The MediaGX chip is aimed at low-priced machines such as Compaq's Presario models. Although the chip allows manufacturers to save money by including multimedia and system functions right on the CPU, this approach can limit the future expandability of these machines. At the high end, the 6x86MX processor (formerly known as M2) is firmly aimed at discomforting Intel's new generations.

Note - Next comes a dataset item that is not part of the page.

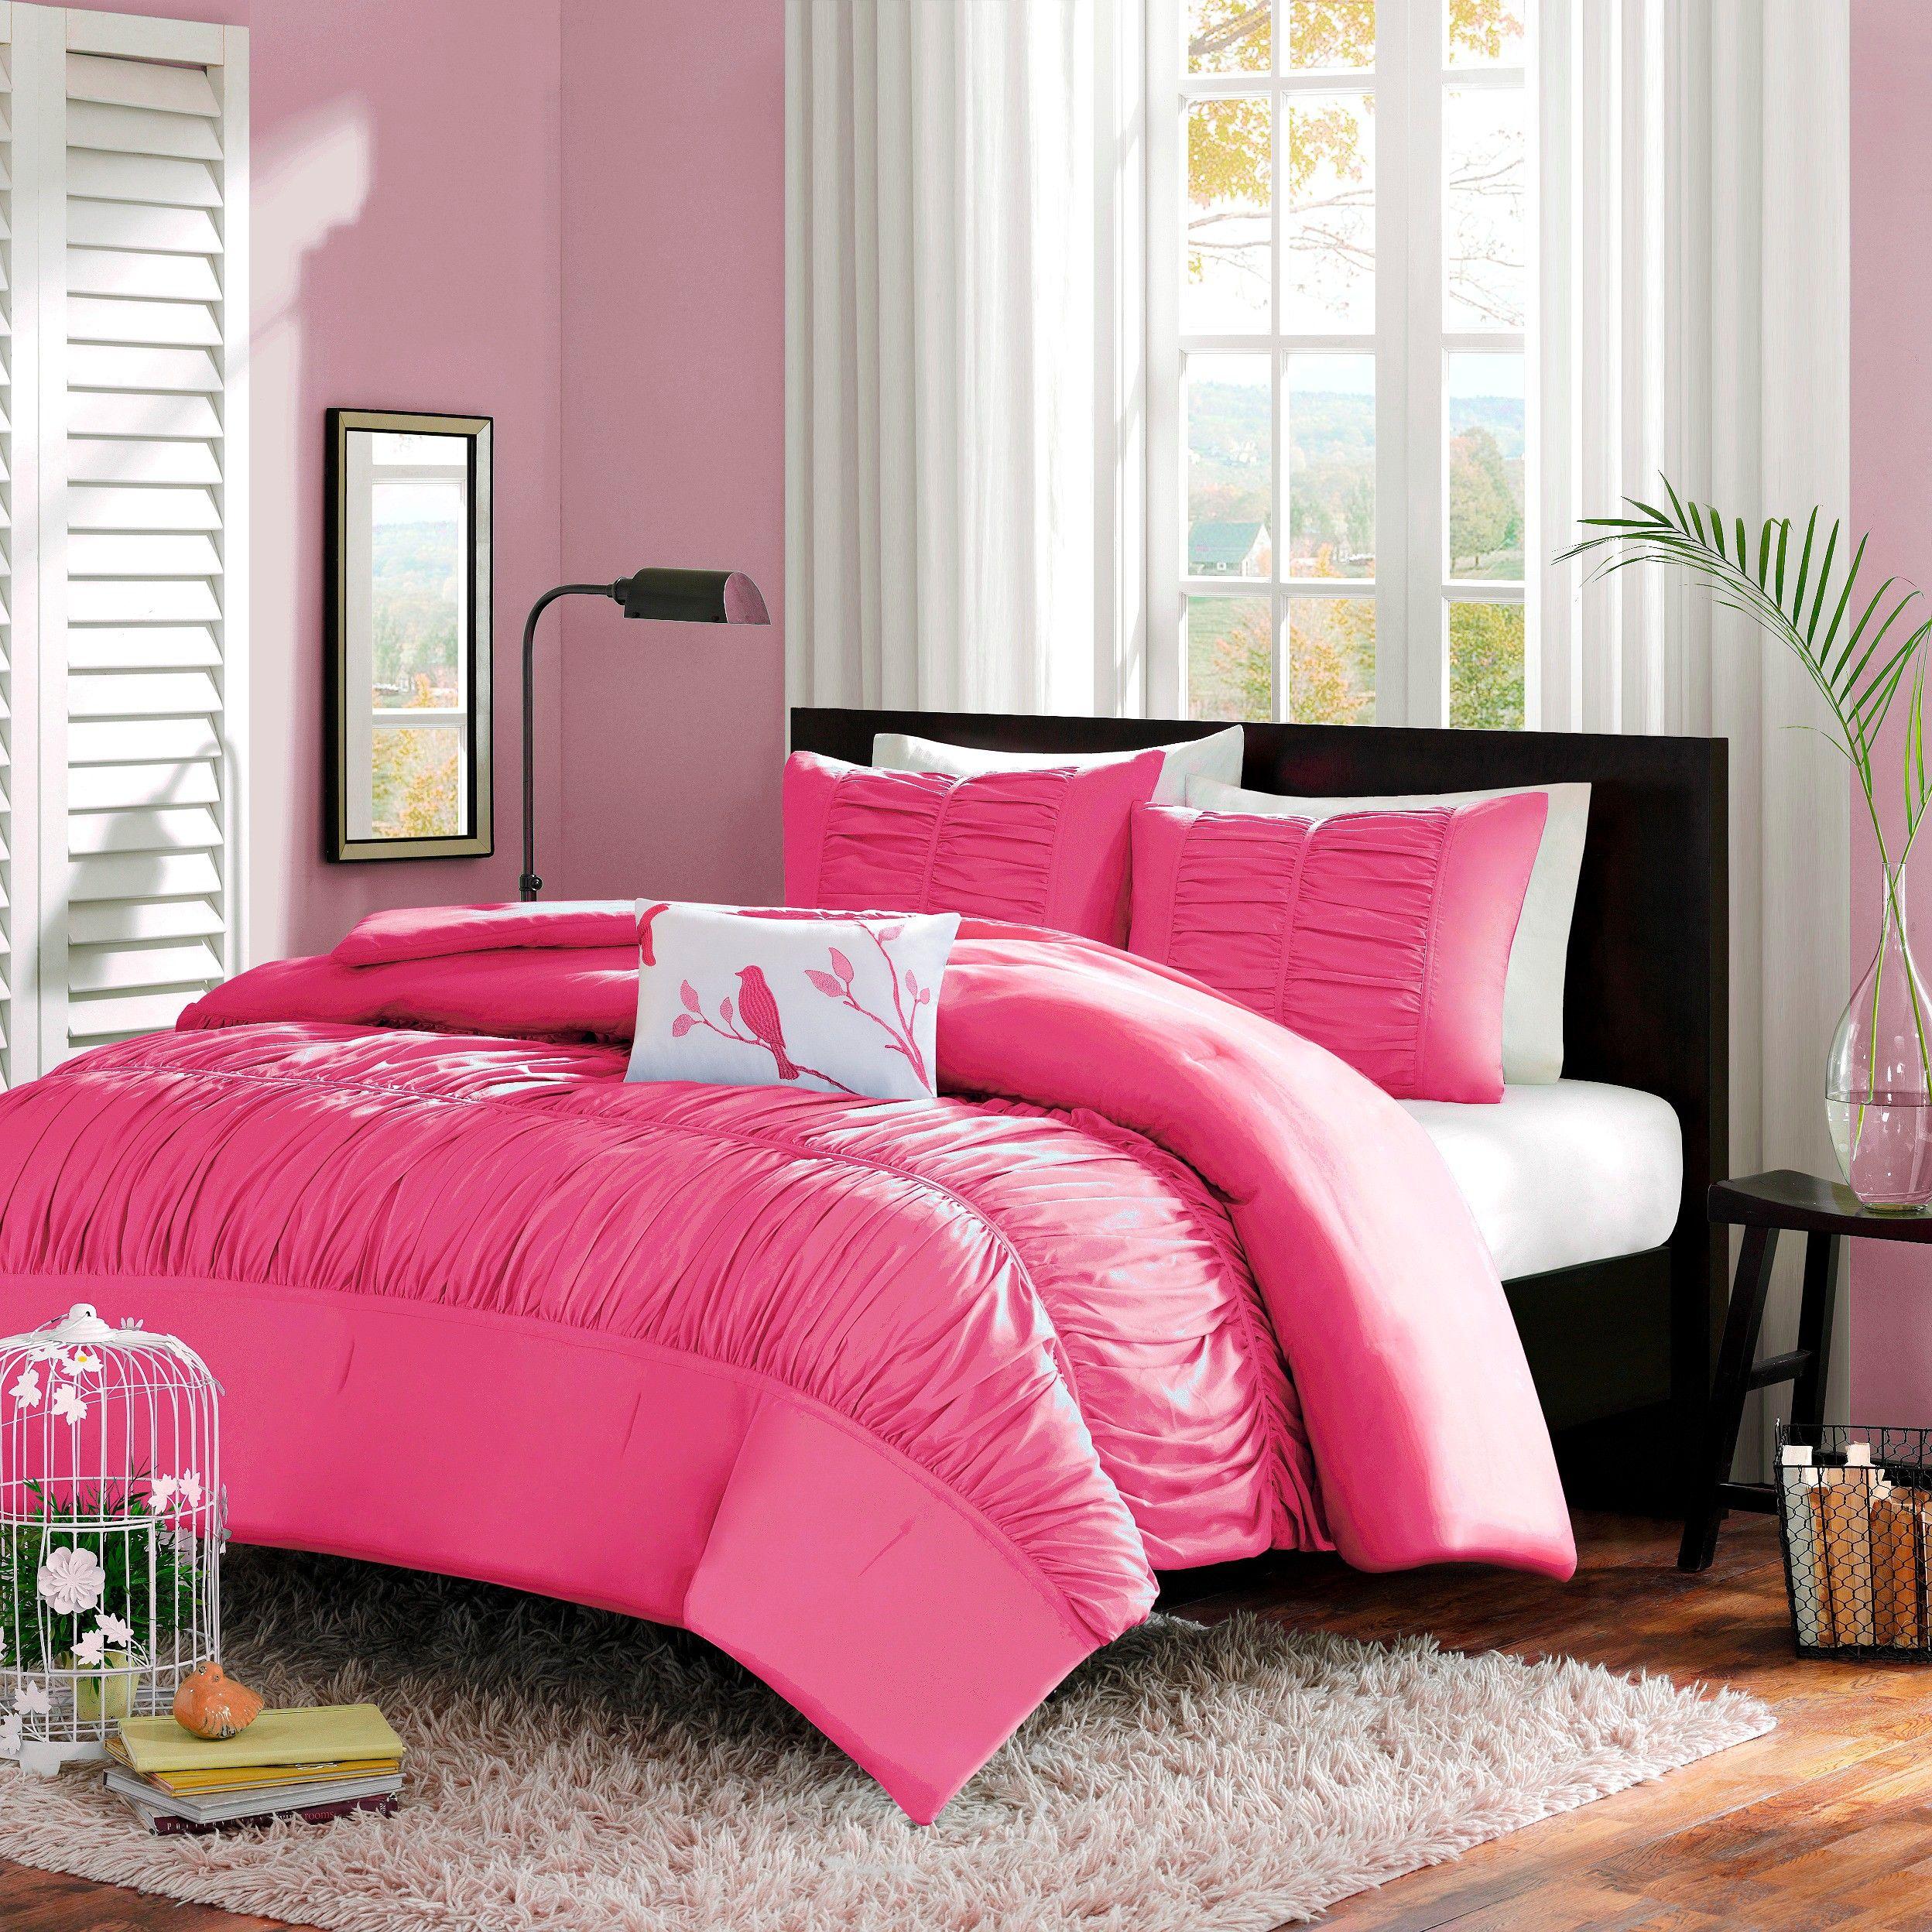 haley 4 piece comforter set  pink fullqueen

Most companies rate their CPUs by the chip's clock-speed; the faster, the better. However, Cyrix claims its chips are more efficient than Intel's, and thus advertises its models as having the legs of the equivalent Intel model. For example, the Cyrix 6x86MX-233 actually runs at 188 MHz but (according to Cyrix) is competitive with 233 MHz models from Intel and AMD. (The 6x86MX is mostly found in lesser-known brands, particularly those from U.S. mail-order companies.) As a potential buyer comparing clock-speeds, be ready for some confusion.

Like AMD's K6, both Cyrix models feature multimedia extensions. While this will be of more interest to home-game players than business users, support for this feature is beginning to show up in newer business applications such as the Presentation program in Corel's new WordPerfect 8 suite.

But industry-standard Intel isn't taking it lying down. Intel now offers four distinct lines of CPUs. In response to the heightened competition, it's also cutting prices on some models:

* Standard Pentiums (without the MMX extensions) are being slowly dropped from the Intel lineup. Thanks to the recent price cuts, however, these Pentiums can represent good value for business buyers as few business applications benefit from these multimedia extensions. If you don't need it, why buy it?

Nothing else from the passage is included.